- [WHAT IS REQUIRED] Repeat the whole listing below precisely. Omit all pictures.

- [GIVEN INFORMATION]

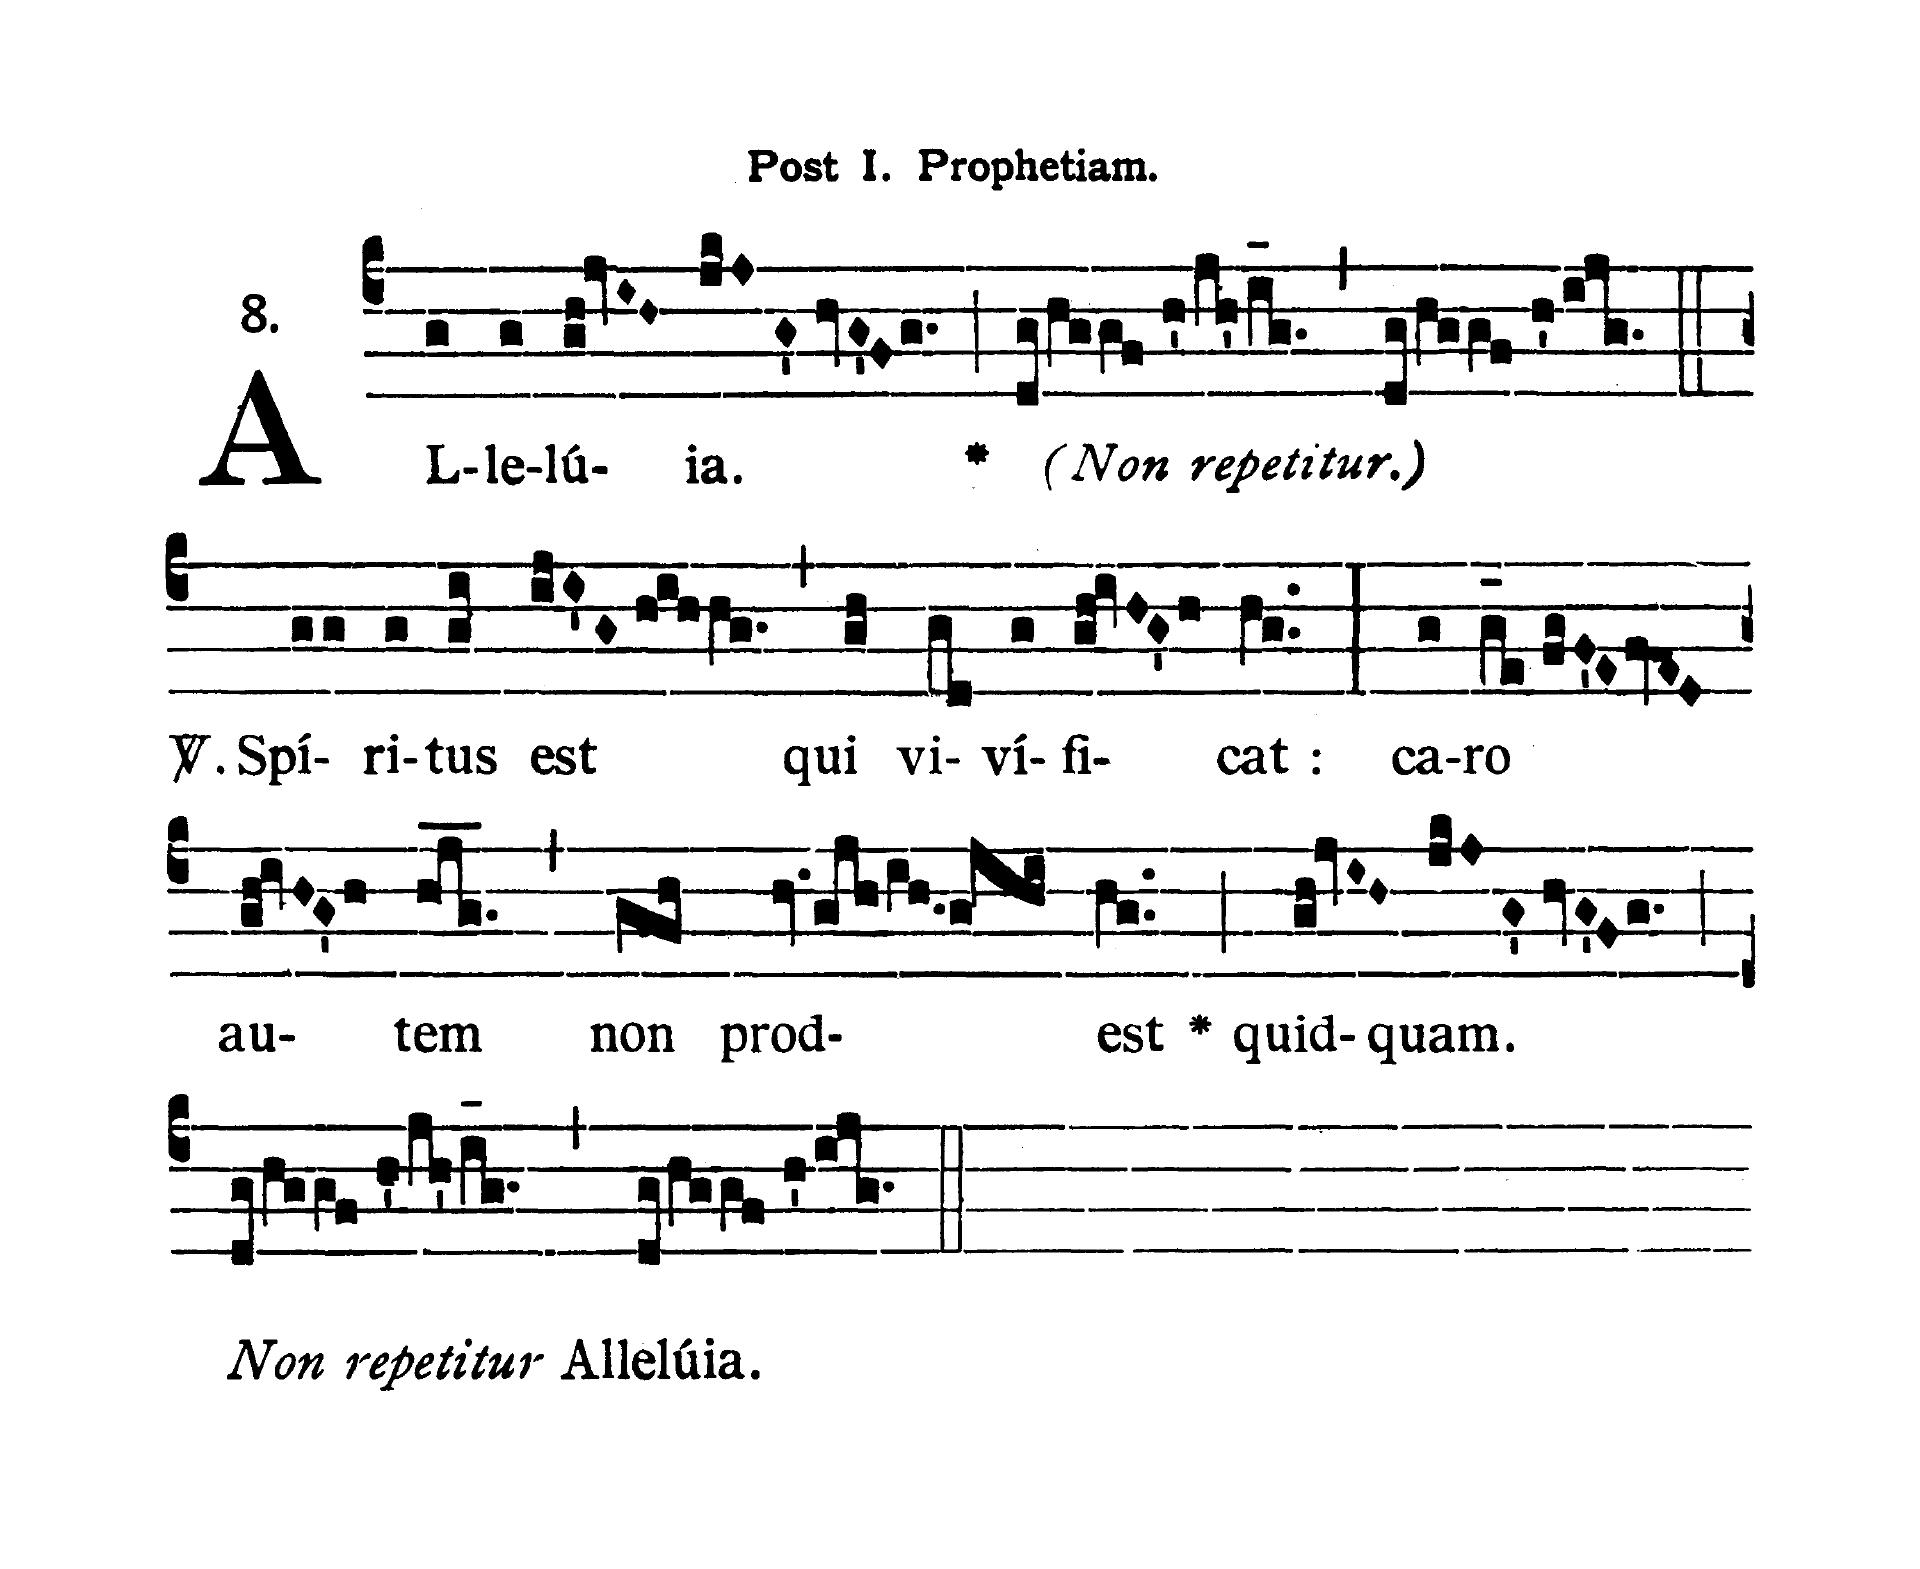 Sabbato infra Octavam Pentecostes (Sobota w oktawie Zesłania Ducha Świętego) - Alleluia prima (Spiritus est qui vivificat)
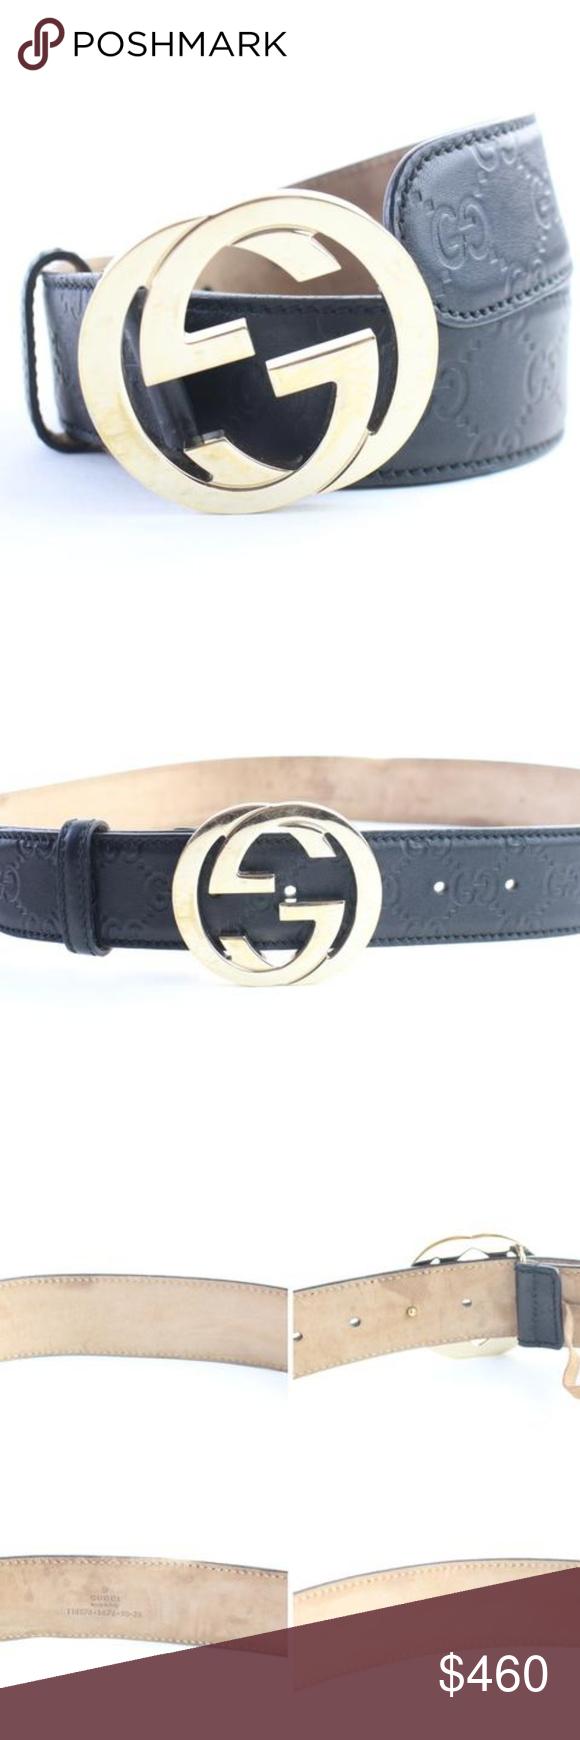 f689a2460cfa Guccissima Interlocking GG Belt 13GR0628 Date Code/Serial Number:  114876.1476.90.36 Made In
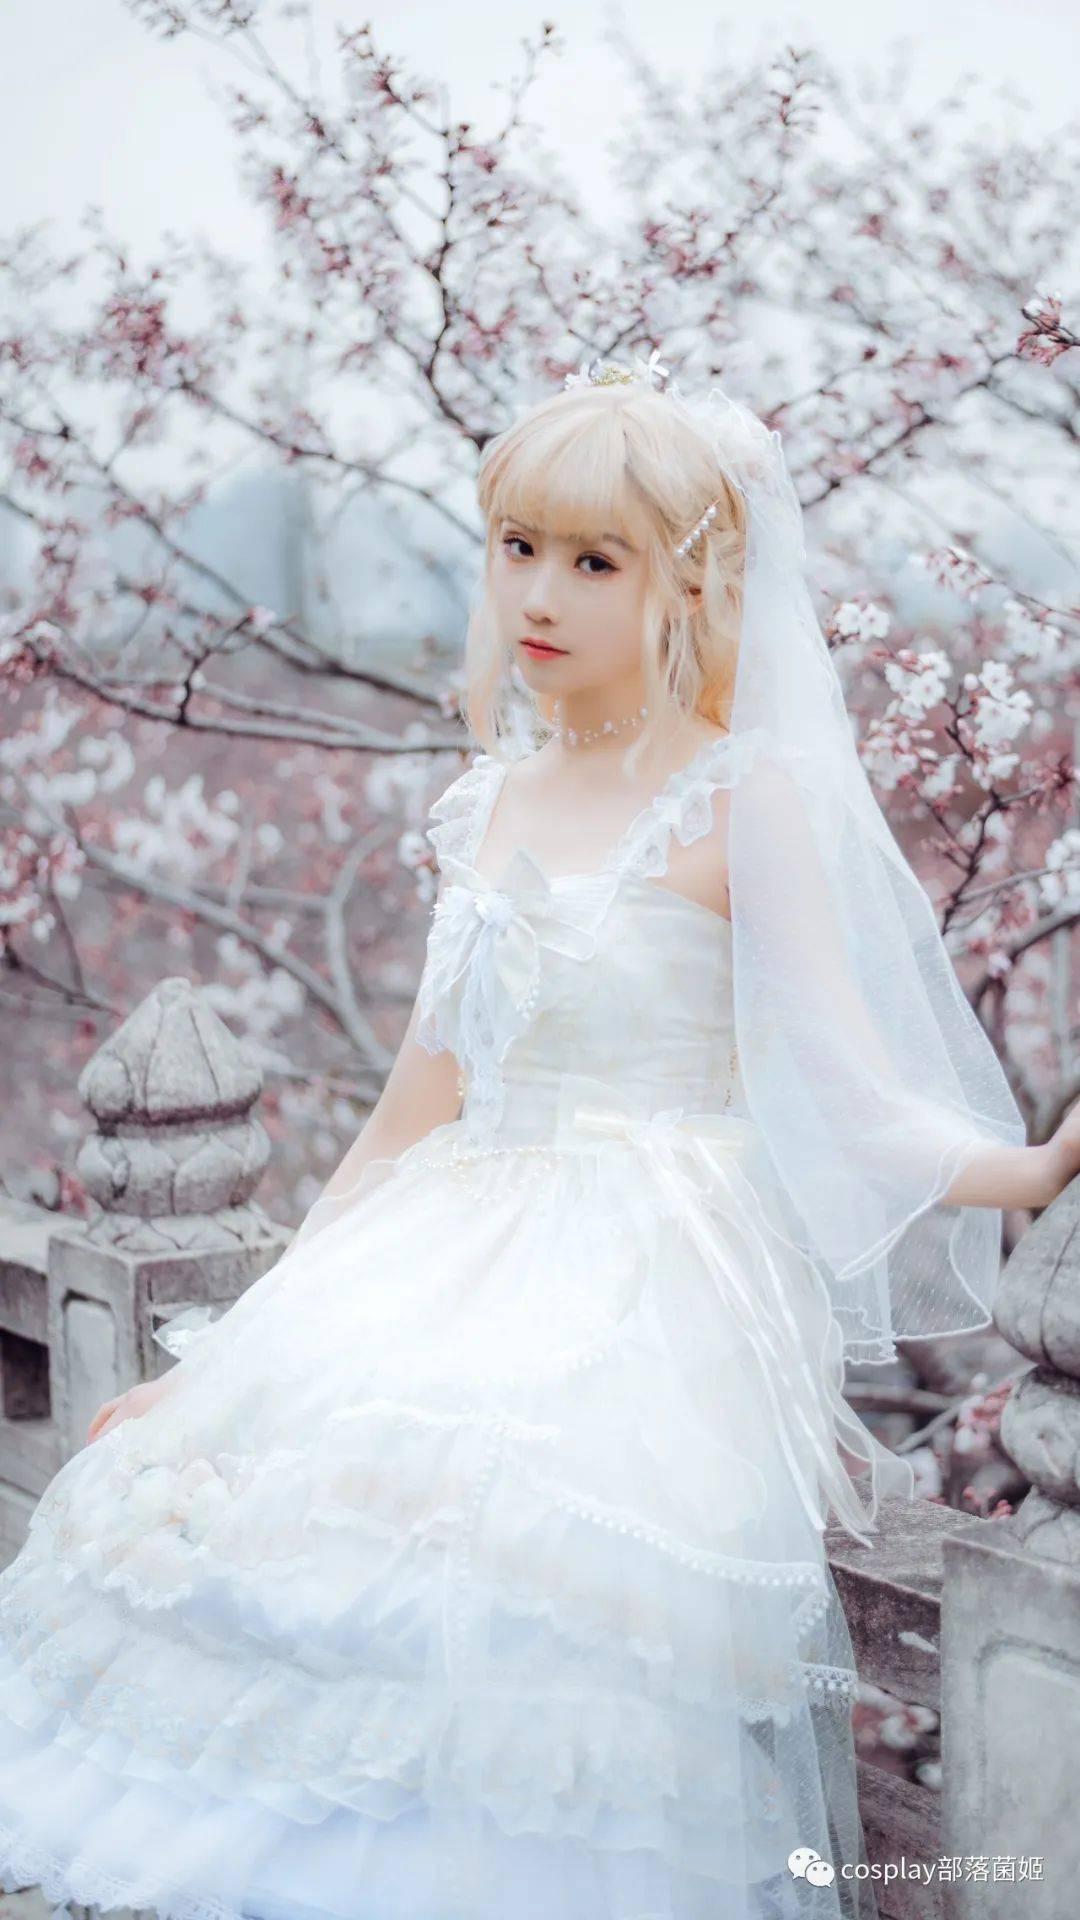 Lolita:愿春天常在,我如春花盛开

- [WRITTEN RESPONSE]
 Sabbato infra Octavam Pentecostes (Sobota w oktawie Zesłania Ducha Świętego) - Alleluia prima (Spiritus est qui vivificat)
 f689a2460cfa Guccissima Interlocking GG Belt 13GR0628 Date Code/Serial Number:  114876.1476.90.36 Made In
 Lolita:愿春天常在,我如春花盛开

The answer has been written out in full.